In July 1988, Tokyo was destroyed in a massive explosion. Thirty-one years later, Neo-Tokyo has emerged from the ashes. Following the massive redevelopment, projects work is starting to dry up, leaving the people struggling to make ends meet. Crime is out of control. Biker gangs fight for turf, destroying anything and anyone that gets in their way.
When Tetsuo comes into contact with a psychic who recently escaped from a secret government laboratory, abilities he never knew existed awaken. The government captures Tetsuo and confines him to the research facility, scared that he possesses the same potential as Akira, the source of the original explosion.
Kaneda will do everything in his power to free his friend, Tetsuo. With the help of a group of resistance fighters, he breaks into the facility, but Tetsuo no longer needs his help, he doesn’t need anyone’s help anymore. Tetsuo is drawn to a secret facility deep beneath the Olympic Park development where he may be able to revive Akira.
Akira is a timeless masterpiece. This movie was released thirty years ago and the animation is still as good as anything else out there. There is a spectacular blend of action and intrigue. The pacing is fantastic and the brilliant soundtrack just adds to the spectacle.

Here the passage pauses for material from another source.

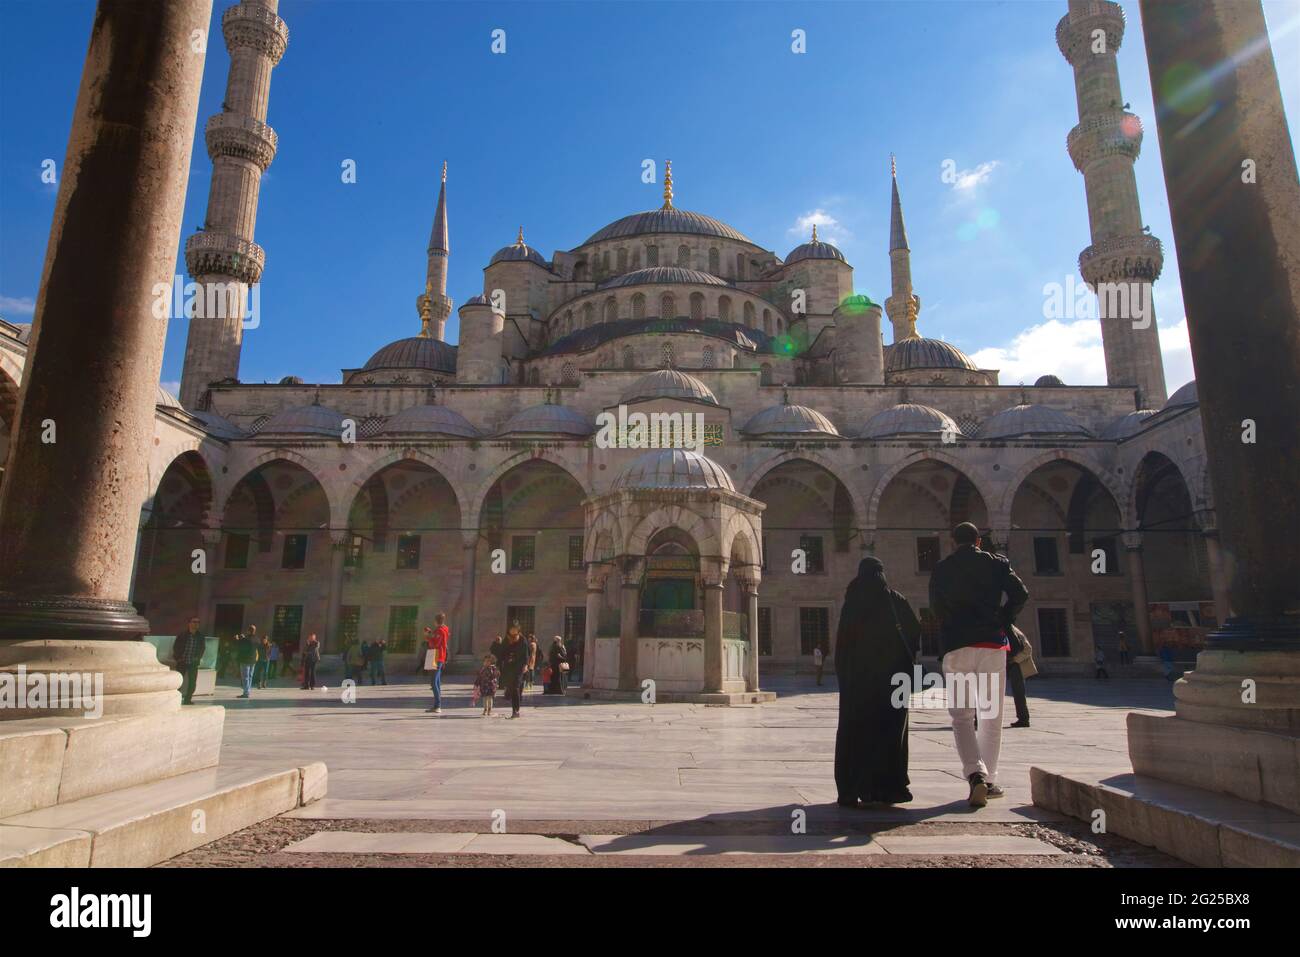 Entrée dans la mosquée du Sultan Ahmed (turc : Sultan Ahmet Camii), également connue sous le nom de Mosquée bleue. Une mosquée du vendredi de l'époque ottomane située à Istanbul, en Turquie Banque D'Images

This is a great example of showing versus telling. In the opening scene, we see biker gangs tearing through the streets fighting one another, there is a protest that escalates into a riot, and then there is the resistance fighter guiding the psychic child through Neo-Tokyo. There isn’t any real dialogue in that scene, but you get the sense of everything that’s going on. The first five minutes are worth studying on their own.
There are some parts that are given much more detail in the manga, but then the manga is massive and if they’d made the whole thing into a movie, it would have been three movies at least. I’d definitely watch that, but that goes without saying. Ultimately, this is just a fantastic story that is produced to the highest standards. Love it.